A new Swiss Cottage school forced to go a term without a permanent home will have to wait until the new year to move into its new building.

The UCL Academy was due to open in Adelaide Road for the start of the academic year this September.

But after a series of delays from construction company BAM the school has been forced into temporary accommodation for the past four months and is now set to move into the new building on January 14.

Principal Geraldine Davies said: “I feel more confident that the deadline we have been given is a deadline that will be met. We are pretty confident that we will be teaching in the new building in January.”

The new deadline follows a period of increased scrutiny on the BAM development from Camden Council after the contractor failed to meet the last deadline for completion on October 26.

BAM were forced to delay the building’s original opening date when a sub-contractor, electrical company Airedale Electrical, went into administration in July.

Cllr Angela Mason, Camden Council’s cabinet member for children, said she was “deeply disappointed” by the delays.

She added: “BAM is responsible for delivering the project and the council is doing everything in its power to push for the completion of the project in time for students to start the new term in their fantastic new premises on January 14.”

Since September, the school’s pupils have been split between temporary sites, funded by BAM, in Brondesbury Park and at Birkbeck, University of London in Bloomsbury.

The school, sponsored by University College London (UCL), has 180 year seven pupils, based at Brondesbury Park, and 120 year 12 pupils who spend three days-a-week on the Birkbeck site.

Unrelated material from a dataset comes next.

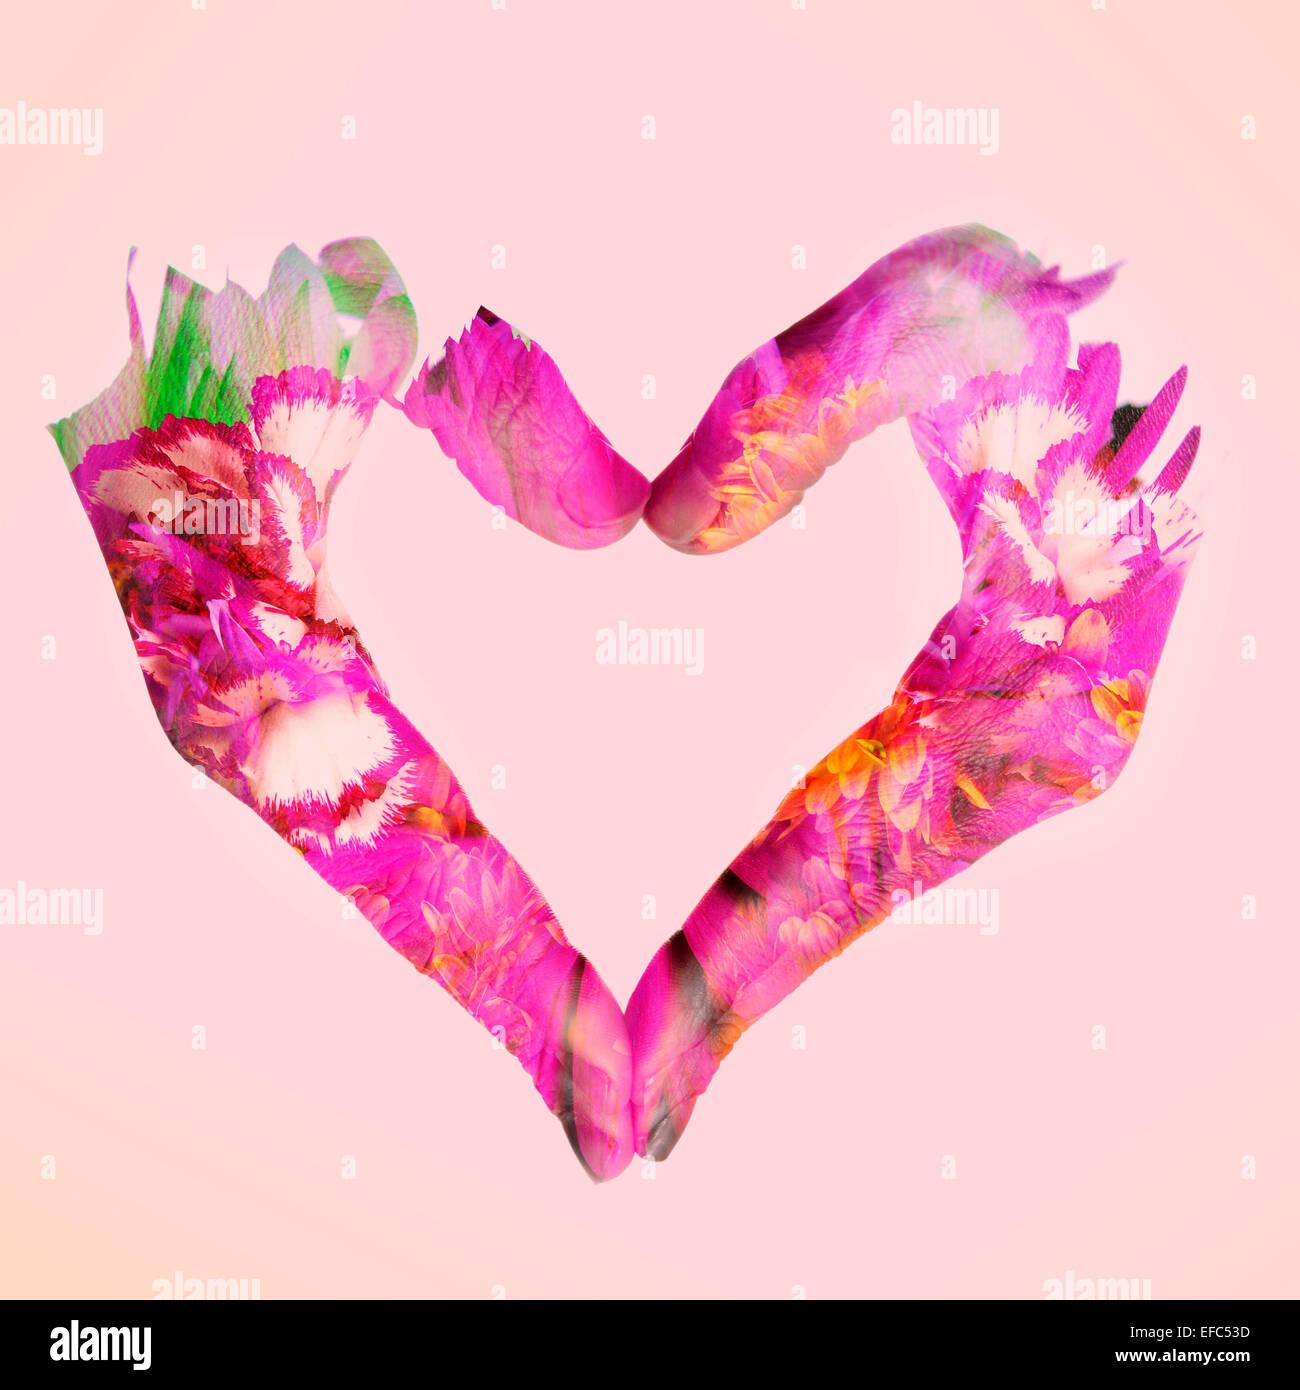 Doppelbelichtung Frau Hände bilden ein Herz und Blumen, auf einem rosa Hintergrund Stockbild
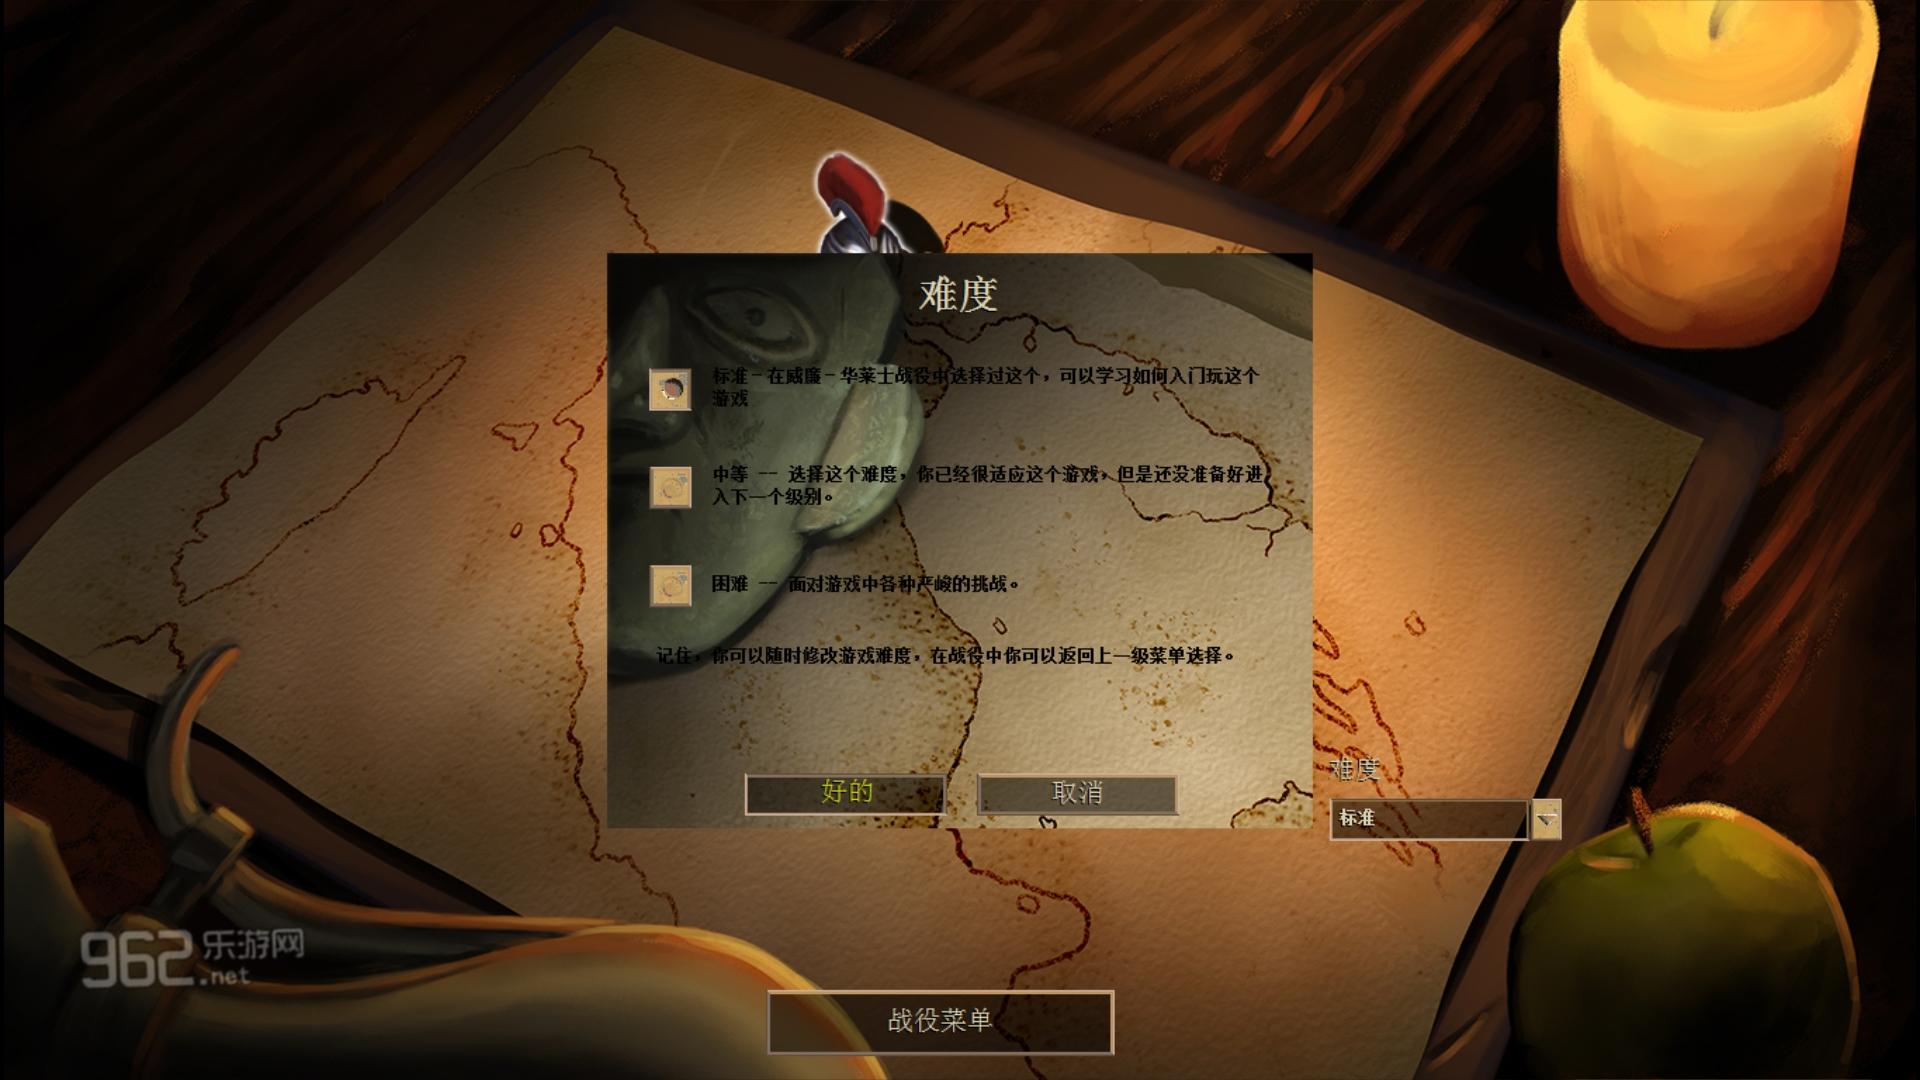 帝国时代2:非洲王国官方中文版截图0

Pupils began their Christmas holiday on Tuesday and Ms Davies believes that they will not be returning to their temporary classrooms in January.

“All the boxes have gone, there’s nothing on anybody’s shelves and we are just ready to be in that new building,” she said.

“The staff have done a great job and the pupils are wonderfully behaved.”

A BAM spokesman said: “We couldn’t be more distressed about [the delay] ourselves but the guys on-site have worked ferociously hard to hand the building over.

“The school will get state-of-the-art facilities that will change people’s lives.”